I went to the store today and this guy pulled up next to me with two pitbulls and an American Bulldog in the back of his truck. All three of them had vests on that looked kinda like life jackets. I asked him if he was going out on the water any why cause it was hella cold. He said no no, these are boar dogs. He had a dog before that was put down because of an injury from a tusk, so he got all of his dogs keflar vests. I didn't know they made bullet proof vests for dogs thats cool. I would totally by one if I still lived in the bay area.


----------



## Pitwerks (Nov 18, 2009)

I wouldn't really call them bulletproof but maybe impale proof, real bulletproof vests are quiet heavy, especially if it was on a dog. Its a great idea that someone made though, for working dogs that would protect them.


----------



## Black Rabbit (Nov 14, 2009)

Pitwerks said:


> I wouldn't really call them bulletproof but maybe impale proof, real bulletproof vests are quiet heavy, especially if it was on a dog. Its a great idea that someone made though, for working dogs that would protect them.

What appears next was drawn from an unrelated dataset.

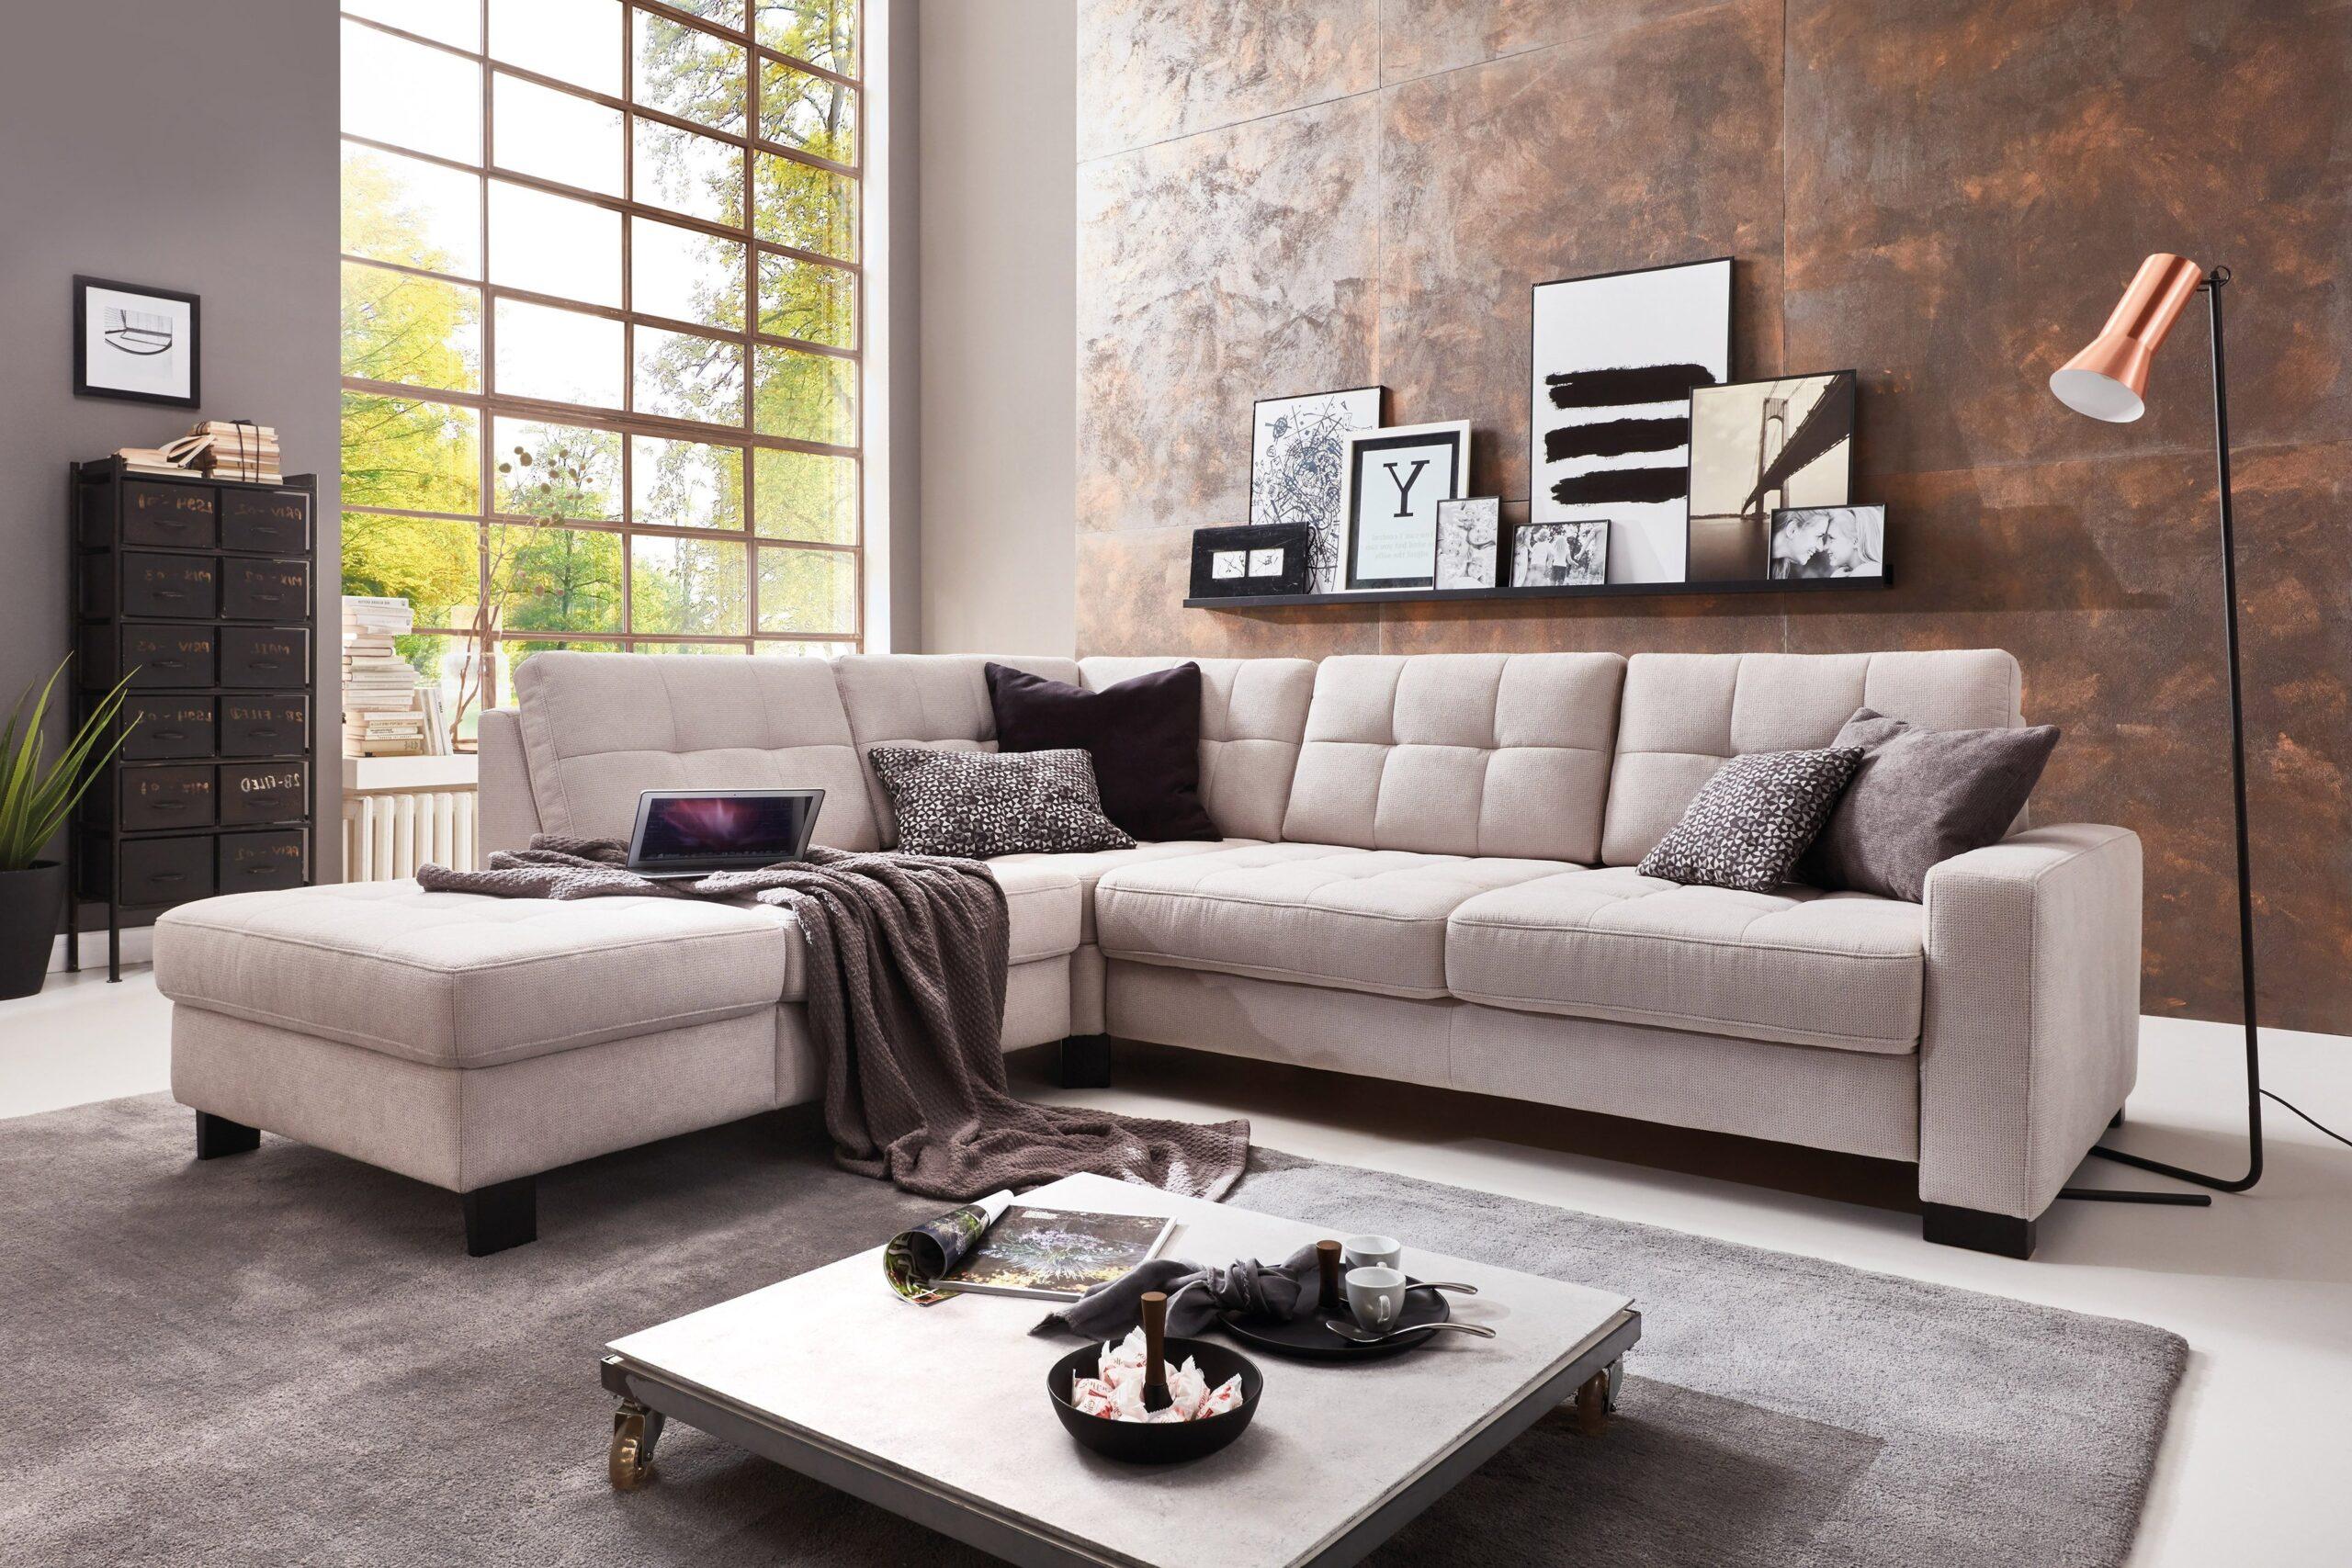 Full Size of Esstisch Mit Stuhlen Bei Poco Caseconradcom Küche Bett 140x200 Big Sofa Betten Schlafzimmer Komplett Wohnzimmer Eckbankgruppe Poco

It's a great idea for those kind of dogs. This guy really loves his dogs so he wanted to protect them while they were at work.


----------



## davidfitness83 (Jul 7, 2009)

I saw a special on DOGO Argentinos down in TX or down south and they wear kevlar vests to protect them from the tusks of the boars. I am pretty sure it is the same material of bullet proof vests, it is ligther because it doesn't have as many layers as a hhuman one.


----------



## MY MIKADO (Apr 7, 2006)

The vests the police dogs wear are bullet proof. We just had a fundraiser here to get a vest for the new police dog. I think it is a shame that there isn't money in the budget for the dogs to be protected.


----------



## Sadie's Dad (Jul 9, 2009)

kg420 said:


> I went to the store today and this guy pulled up next to me with two pitbulls and an American Bulldog in the back of his truck. All three of them had vests on that looked kinda like life jackets. I asked him if he was going out on the water any why cause it was hella cold. He said no no, these are boar dogs. He had a dog before that was put down because of an injury from a tusk, so he got all of his dogs keflar vests. I didn't know they made bullet proof vests for dogs thats cool. I would totally by one if I still lived in the bay area.

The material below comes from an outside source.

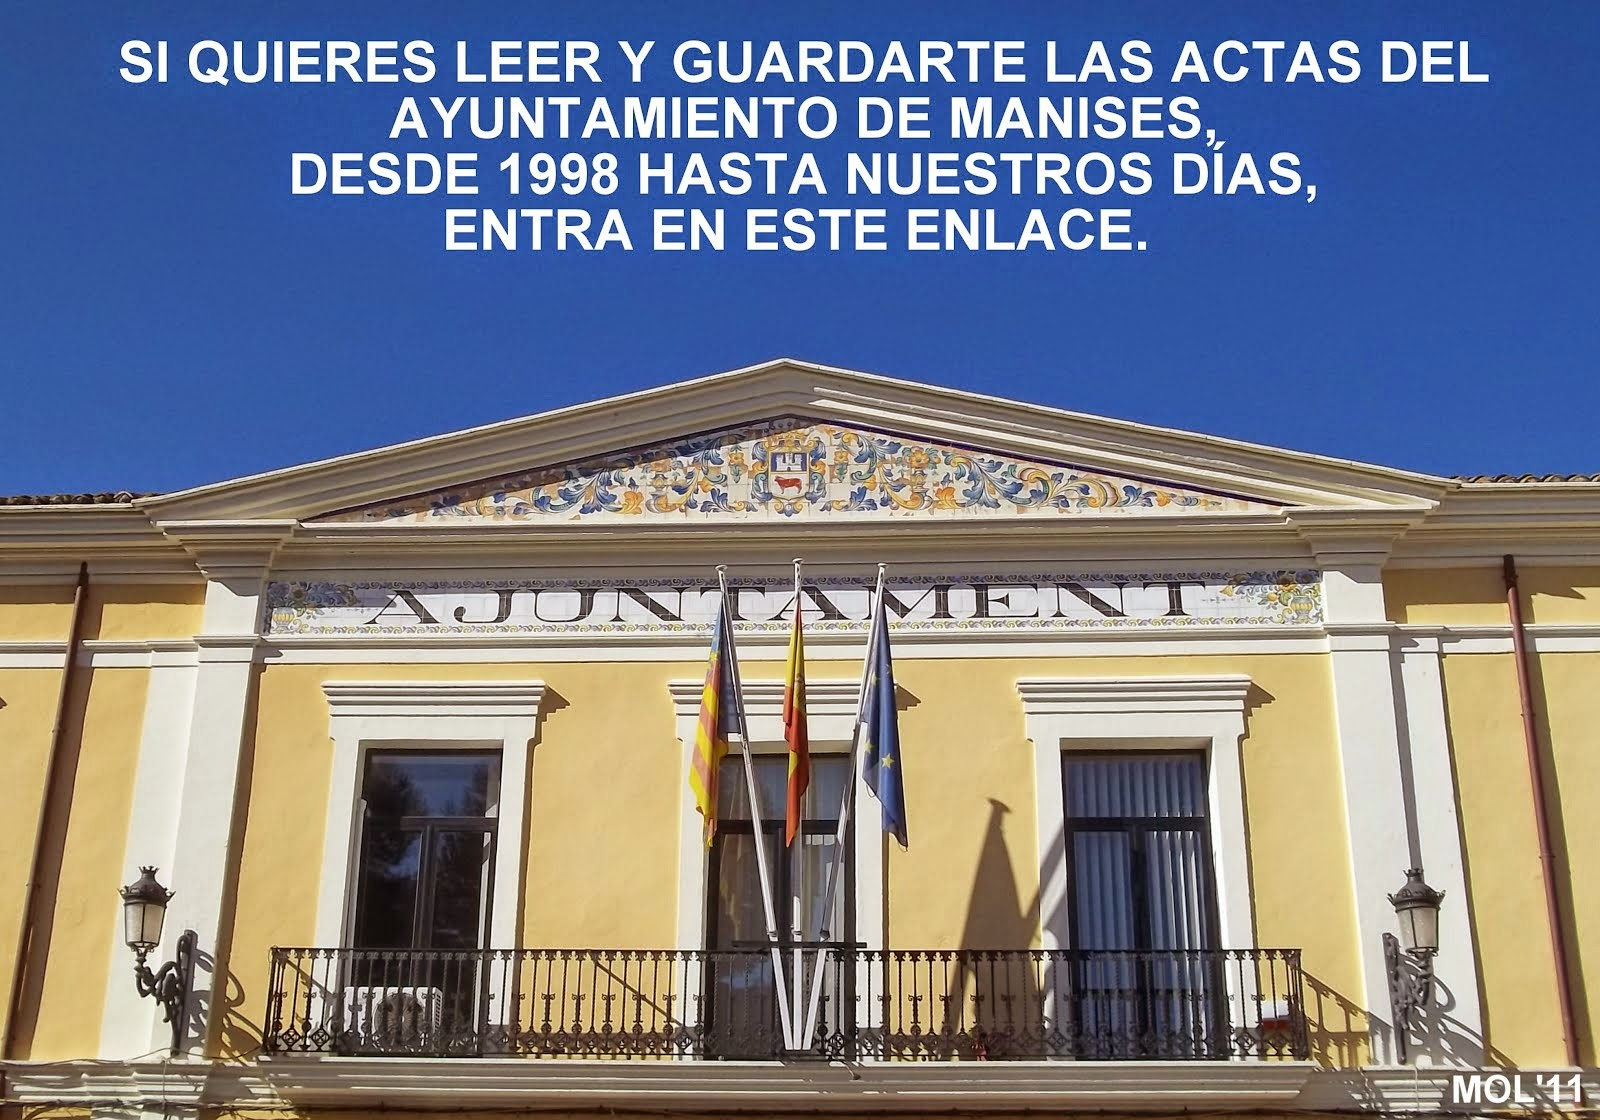 ACTAS DE LOS PLENOS DEL AYUNTAMIENTO DE MANISES DESDE 1998 A 2014.

Well you know those hogs down in Texas and the other southern states, they are in the swine mafia so you know they are always got a piece on them. That is why the dogs need Kevlar.


----------



## pittybull01 (Dec 2, 2009)

yeah they need the vest cuase if the boar catches them it will not be good. I know of friend of my bother who did not invest in vest and the boar caught the pit in the gut and put a slice in him. luckly dude was some type of vet and managed to save and sew hes dog back up. personally I am not a fan of hog hunting with the dogs but to each their own.


----------



## Southern Inferno (Mar 12, 2009)

Like this









IMO its an invaluable piece of equipment for hog hunting. It doesn't protect everything but, if your catch dog does what he or she is supposed to do then it dramatically decreases the risk of injury. Some dont use them because of the heat, but they now have a material called Viper Weave which is more light weight.

Here is where I buy all my equipment if anyones interested in finding out more.

Country Mike's


----------



## Chaos4ever (Oct 2, 2009)

Song is pretty good (belly laughing) " I see you in that tree stand "


----------



## Black Rabbit (Nov 14, 2009)

That's great that they make these for the dogs. It doesn't seem fair to make them hunt with out them. great way to protect your dog.


----------



## boogiebot (Oct 7, 2009)

yeah i have seen some pretty cool vests for hog hunting. the come in various colors and even camo.


----------



## vdubbinya (Oct 8, 2008)

yeah its for protection from the tusks. theres been a many good dog dead from a boar. nasty animal. it will charge YOU too.


----------



## gh32 (Dec 22, 2007)

It's a cut vest.They're used by the catch dogs.It's to protect your dog and keep it from getting gutted by a hog.


----------



## gxkon (Jul 13, 2009)

MY MIKADO said:


> The vests the police dogs wear are bullet proof. We just had a fundraiser here to get a vest for the new police dog. I think it is a shame that there isn't money in the budget for the dogs to be protected.


it is a dam shame they cant but a vest for the k9 but i bet if u kill it u go to jail and have the same time for killin a cop i think if the po po cant protect there dogs they dont need em


----------